Maratha quotas: Bombay High Court refuses to grant interim stay on Maharashtra’s new legislation
However, the bench agreed to hear all petitions against the reservations in detail on December 10.
The Bombay High Court on Wednesday refused to grant an interim stay on the Maharashtra government’s legislation providing reservation to the Maratha community in jobs and education. However, the bench of Chief Justice Naresh Patil and Justice MS Karnik agreed to hear all petitions against the move in detail on December 10, PTI reported.

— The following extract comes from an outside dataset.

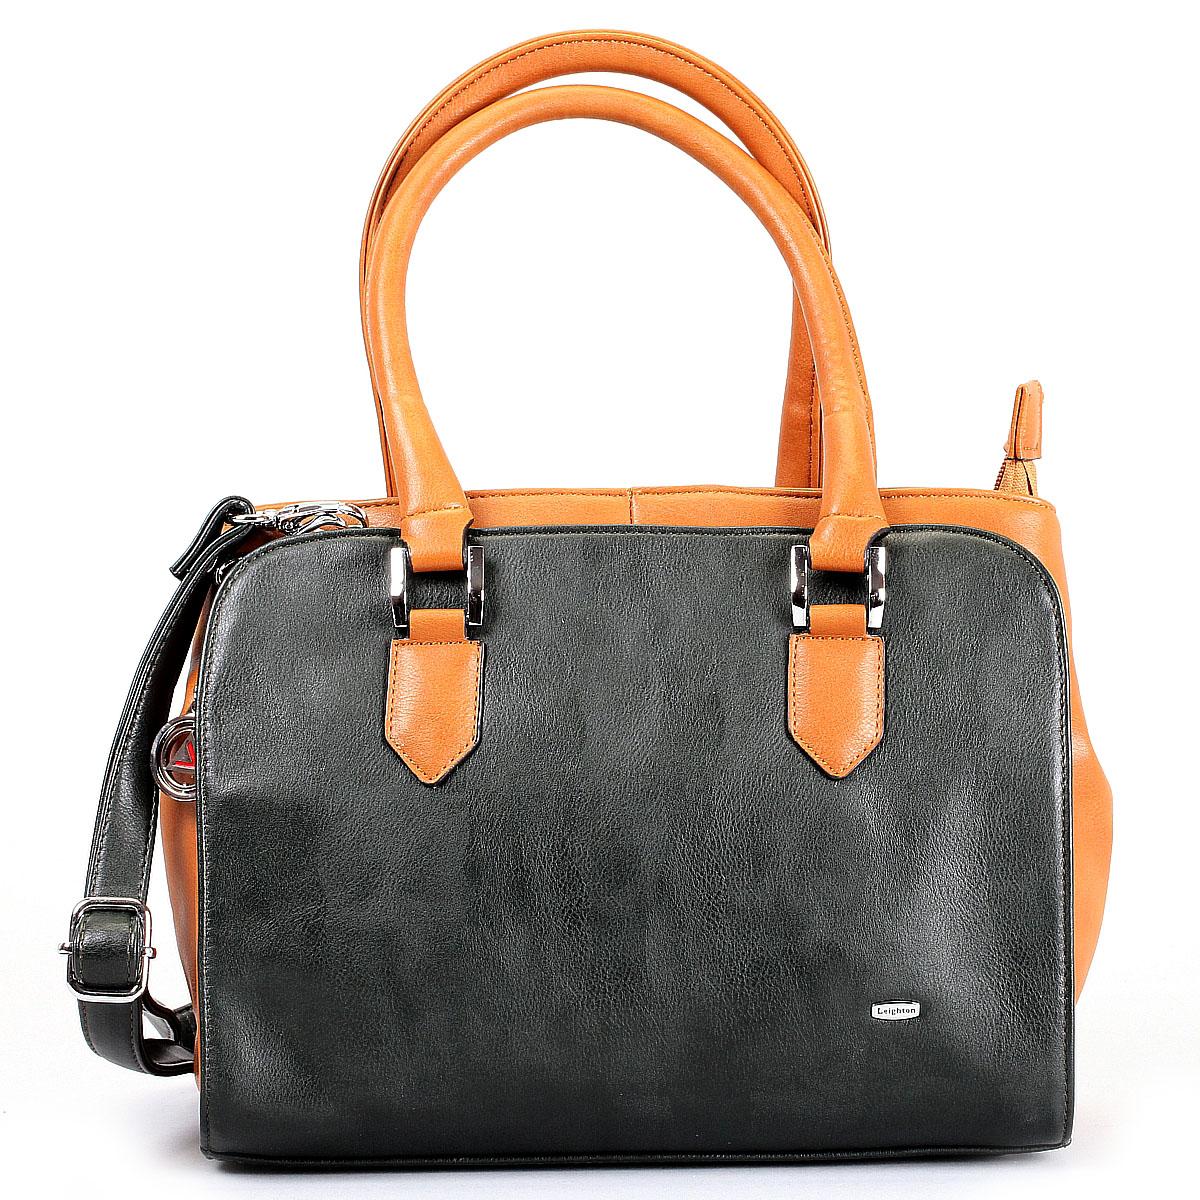 Сумка женская Leighton, цвет: черный, оранжевый. 520311-1591/12/1591/8520311-1591/1/1591/8Стильная женская сумка Leighton изготовлена из высококачественной искусственной кожи. Сумка состоит из двух отделений на застежке-молнии. Внутри первого - два накладных кармашка для мелочей, во втором - вшитый карман на молнии. На задней стенке сумки расположен дополнительный вшитый кармашек на молнии. Сумка имеет удобные ручки для переноски и плечевой ремень, регулирующийся по длине. Дно защищено металлическими ножками. По желанию можно украсить сумку входящей в комплект декоративной металлической подвеской. Сумка Leighton - это практичный и удобный аксессуар, который станет функциональным дополнением к любому стилю. Блестящий дизайн сумки, сочетающий классические формы с оригинальным оформлением, позволит вам подчеркнуть свою индивидуальность и сделает ваш образ изысканным и завершенным.

Advocate Gunaratan Sadavarte had filed a plea in November alleging that the Maharashtra government’s move to grant 16% reservation to the Maratha community in jobs and education is in contravention of a Supreme Court directive that quotas on the basis of caste should not exceed 50% of the total seats.
Advocate VA Thorat, representing the Devendra Fadnavis-led government, said that the petitioner cannot seek a stay order on the legislation through a public interest litigation.
Thorat argued that most of the petitions pending in the Bombay High Court opposed reservations for the Maratha community on the basis of a 2014 law, which had now been scrapped. He said the Maharashtra Assembly has ratified the new Maratha Reservation Act instead. “The new legislation takes care of all legal grievances that existed in the 2014 act,” the advocate claimed.
On November 27, Fadnavis had said the quota for the Maratha community will be independent of the existing 52% reservation system in the state. The Assembly passed the legislation on November 29.